Do you do anything at Halloween have you ever been out Trick or Treating?

I will leave you with this witchy thought:
Laugh and the world laughs with you, cackle maniacally and the world backs away from you!

The Spiral Witches were recruited to Glitterwitch by Cathy at Spiral Rose

Monday, 13 October 2014

Granny's Magnificent Jumper & Badgers

Lorna, our Marketing Dragon has persuaded her friend Mr Ian Ashton, to tell us one of his amusing craft related stories.

Granny’s magnificent jumper:
When I was a young boy Granny announced that she would knit me a jumper in which to play cricket. A cricket jumper was a grand thing, all cable stitch and extra-long so it covered your back when bent over batting and the maroon and blue school colours round the vee-neck. 

There was only one fly in the ointment. Granny couldn’t knit her brows.

 The jumper was an almost perfect cone with a neck that descended to about waist level. The two stripes round the neck were a sort of polka-dot with white stitches showing through randomly in amongst the maroon and blue. The cabling was so thick that the jumper made a fairly effective sort of armour against any fast bowling. The piece de resistance however was the sleeves. 

Cricketing jumpers in those days tended to have longer sleeves, especially for bowlers, because the umpire looked after them while they bowled and tied the sleeves round their waists and in consequence the sleeves stretched. Granny’s sleeves would have gone round a very portly umpire without stretching, one being significantly longer than the other as well. 

Of course I had to wear the jumper. Thank goodness my dear aunt unpicked it and knitted it up into something that looked like a proper cricket jumper and because my Granny’s eyesight was not too good and she never noticed either the original defects or her daughter’s reworking.

What a lovely story - thank you Mr Ashton.

Now, I also want to talk to you about badgers. Yes, thats right those black and white woodland creatures who live in sets.  To be honest, they are not something I know very much about as I don't live in the countryside.
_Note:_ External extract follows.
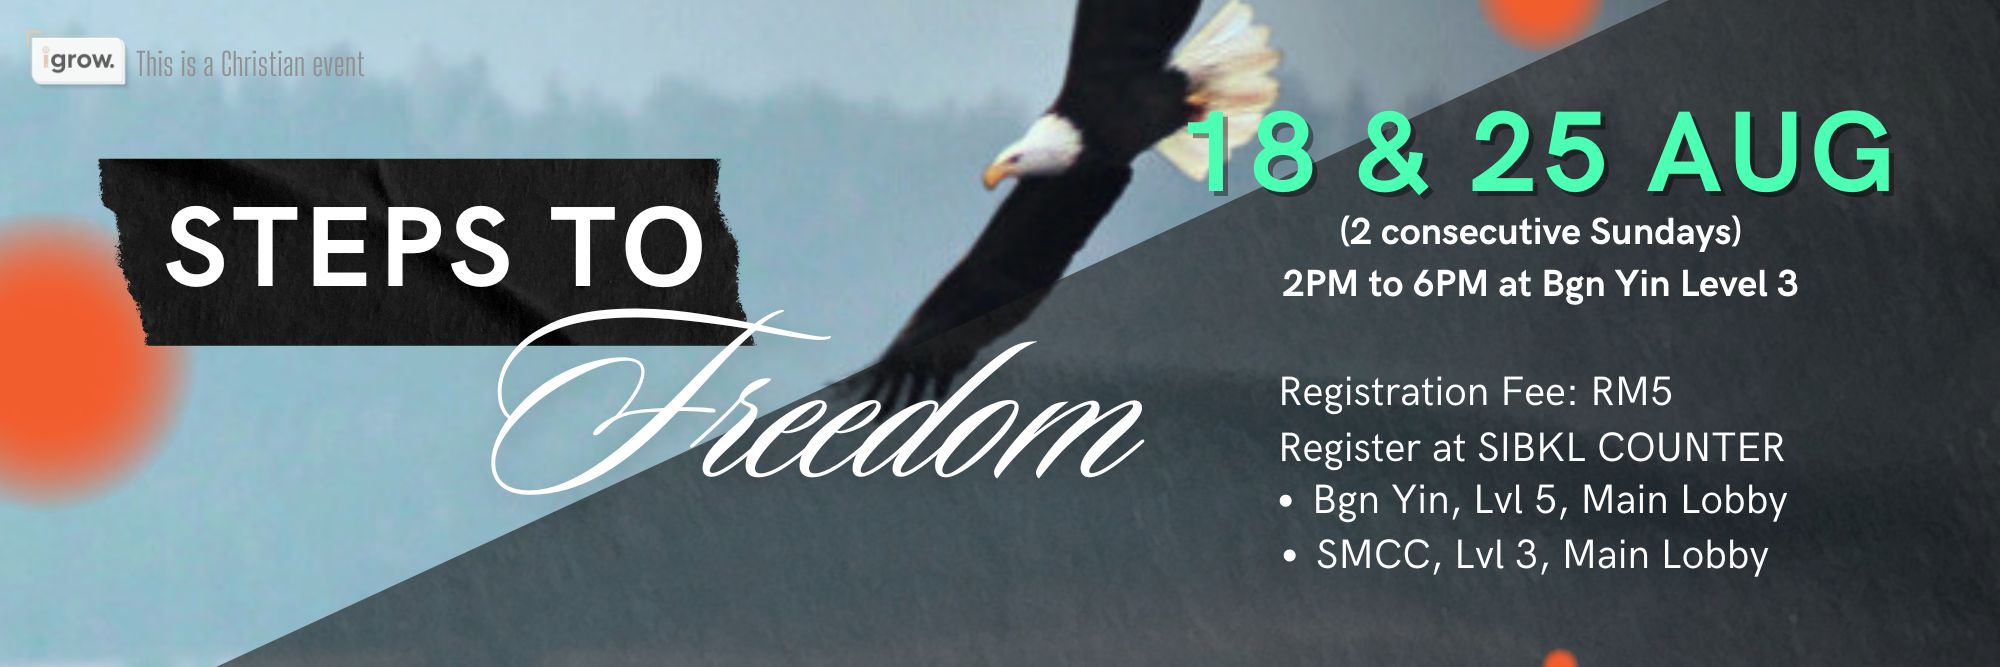 Steps to Freedom Poster (1920 x 1080 px) (2000 x 667 px)
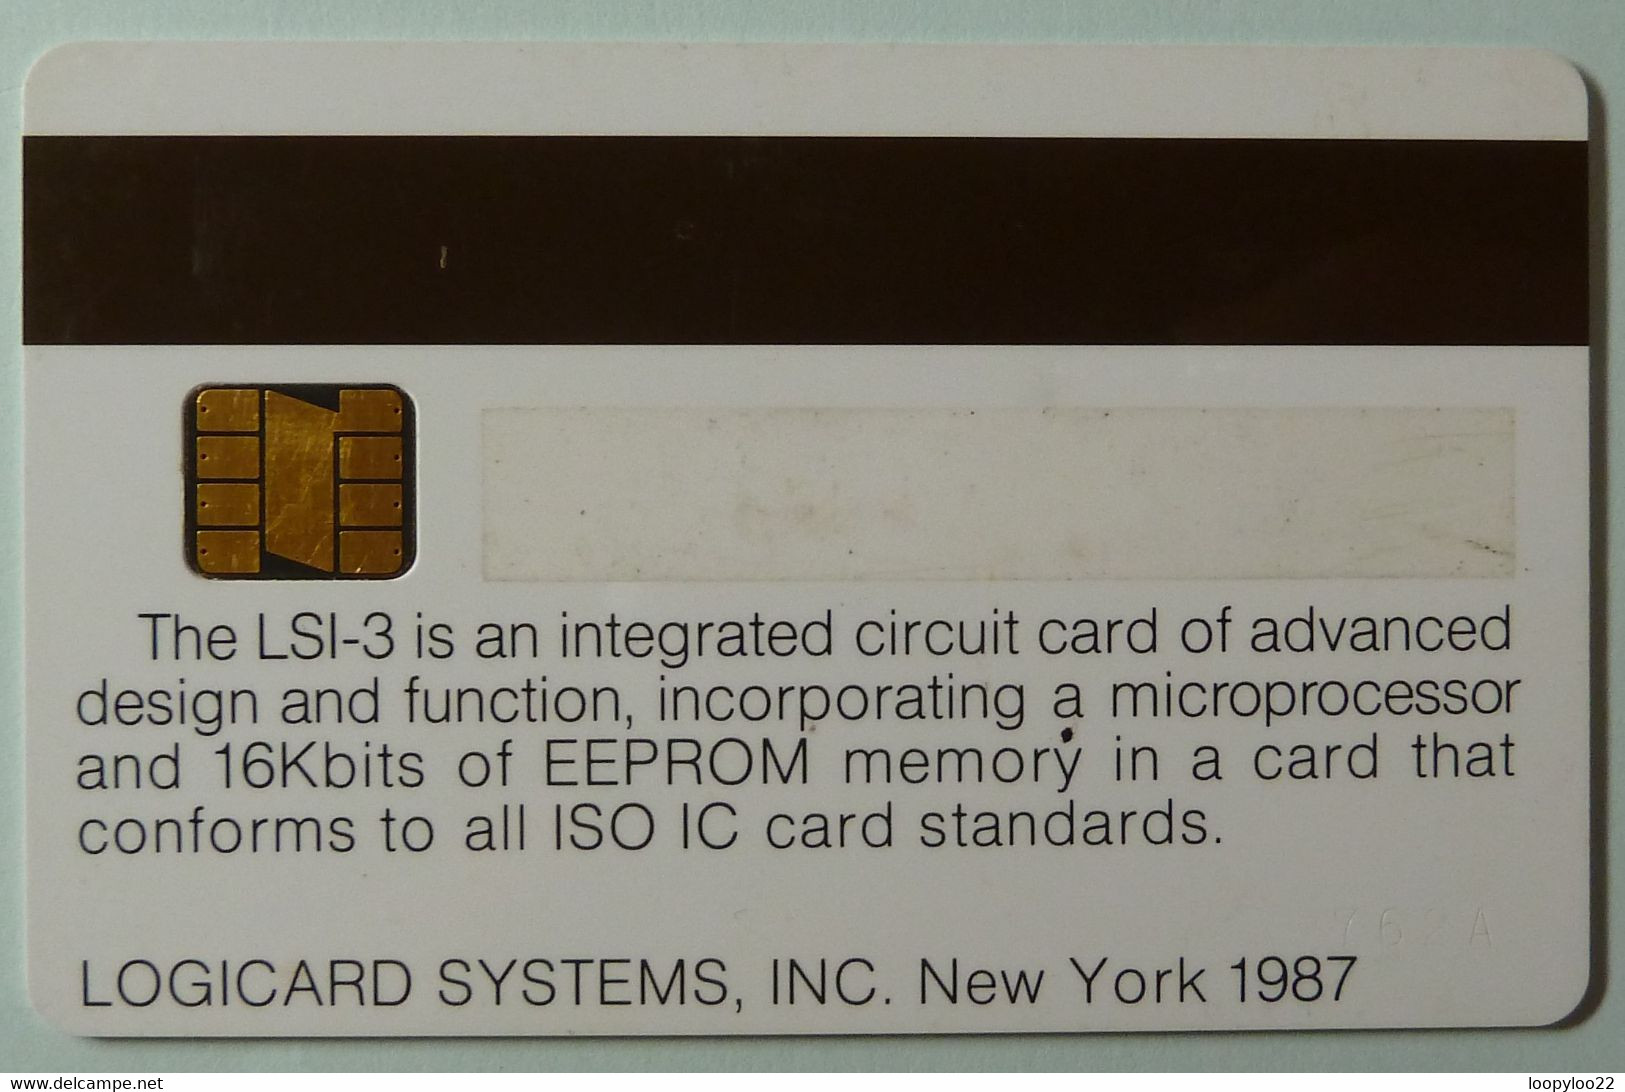 USA - Early Smart Card Demo - 1987 - LSI-3 - With Chip - RRR - [2] Chipkarten

But one group of crafters feels very strongly about what is happening to the badgers , so strongly in fact that they have set up a small album of badger related items  and will give a percentage of all sale to the Stop The Cull campaign.

Click here to get the facts about culling badgers.

Click  here to have a look at the wonderful makes in the BFG Fight the Cull Badger Showcase.

Well that's all for this week, I will leave you with this thought:
Creativity is contagious - pass it on!